Introduction: Metrics and Tags¶
What’s a Metric?¶
A metric is any type of numerical variable used to gauge some quantifiable measure of performance of a type of object (server, application, business, sensor, etc.) that can be monitored. Examples of metrics: requests/sec. serviced by an application, CPU load, stock price, temperature, number of website visits.
A metric can have more than one data stream aka metric stream associated with it. For example if you are tracking CPU from 100 servers, the CPU metric would have 100 data streams associated with it, one for each server.

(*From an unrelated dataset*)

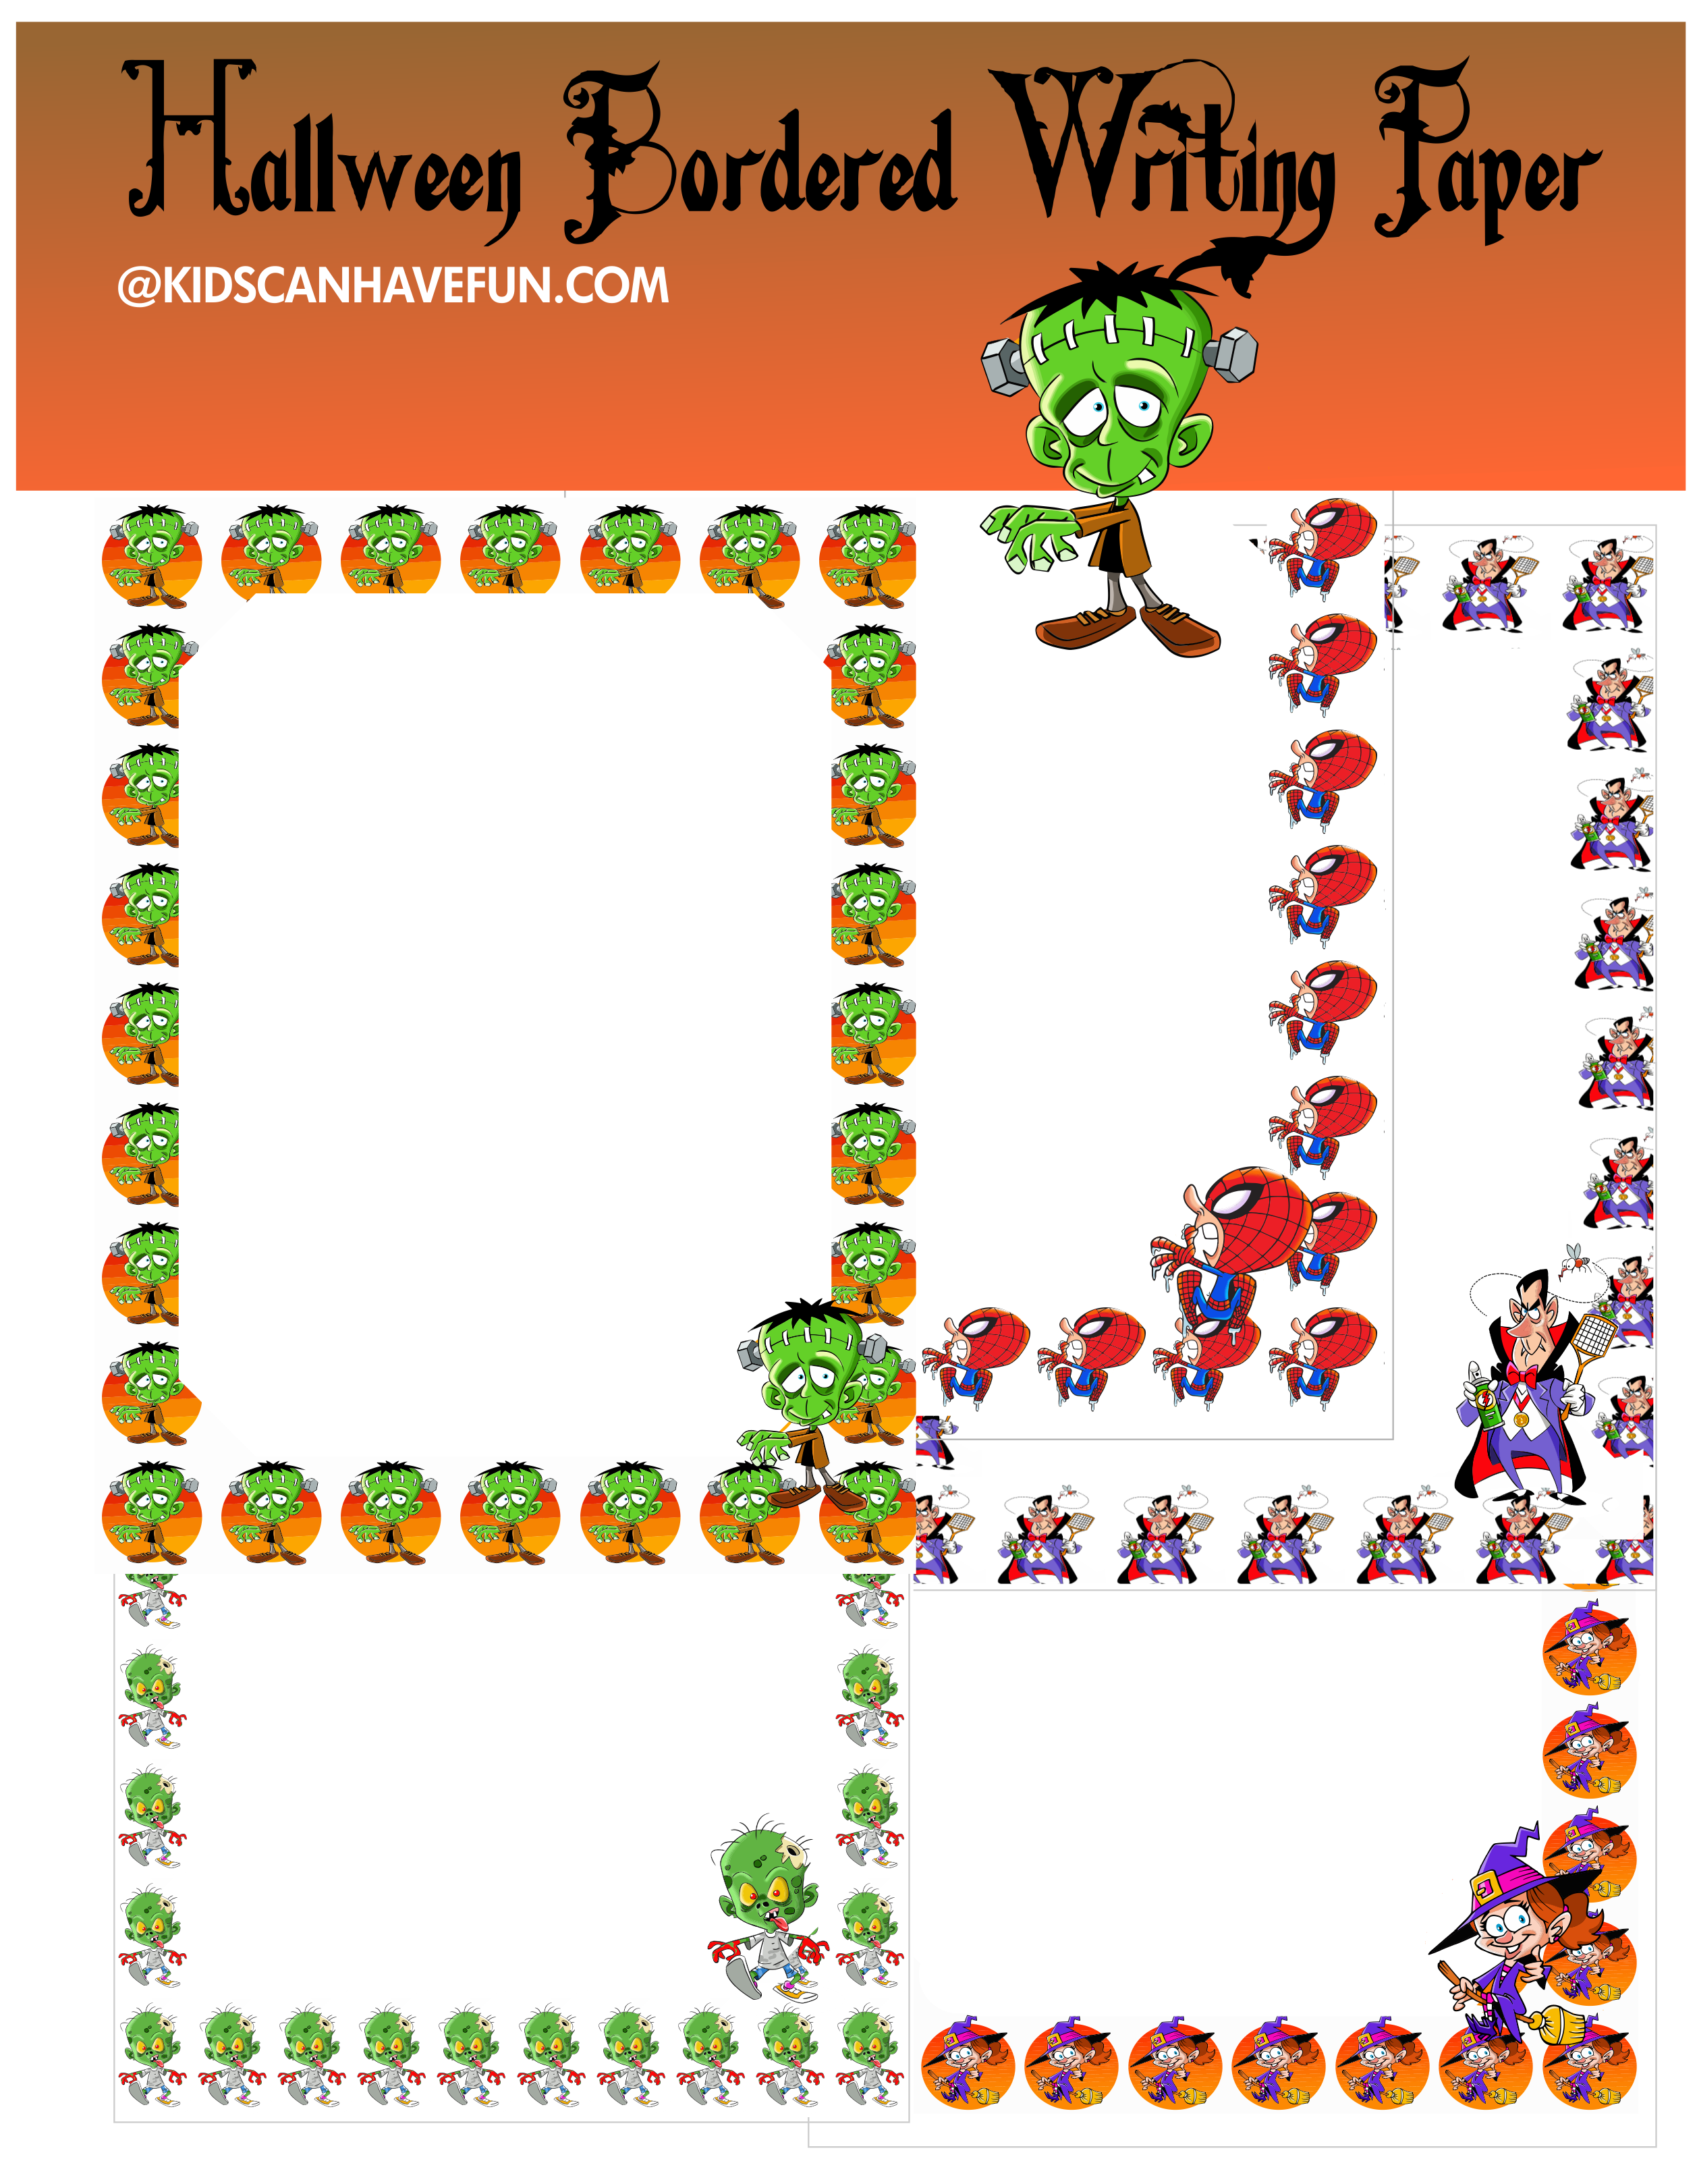 Pin By Kidscanhavefun On Halloween Activities Crafts

To keep things simple, we track metrics as gauges. You can count with gauges as well. Read Count Events to learn more.
What’s a Tag?¶
Tags can be thought of as members in a population that you are capturing the metric for. Think of it as a multiple identifying dimensions we support in addition to ‘name’ for a metric.
For example the number of requests/second serviced by an application (metric) could be broken up amongst a group of server instances in a scale-out tier (source) by setting the @host as the tag in the measurement properties.
@host is probably the most common use-case but we make no assumption about tags except that they distinguishes multiple homogeneous “things” that all have the same metric, so instead of “@host” you could use things like
sensor_id if you wanted.
Tags in AppOptics¶
Tags have two primary functions: to filter and to group. Think of grouping as “aggregating to each tag value”; for example, if you group on the
instance_id tag for all your EC2 servers, your chart will show you one line per instance_id type aggregating across all your EC2 instances.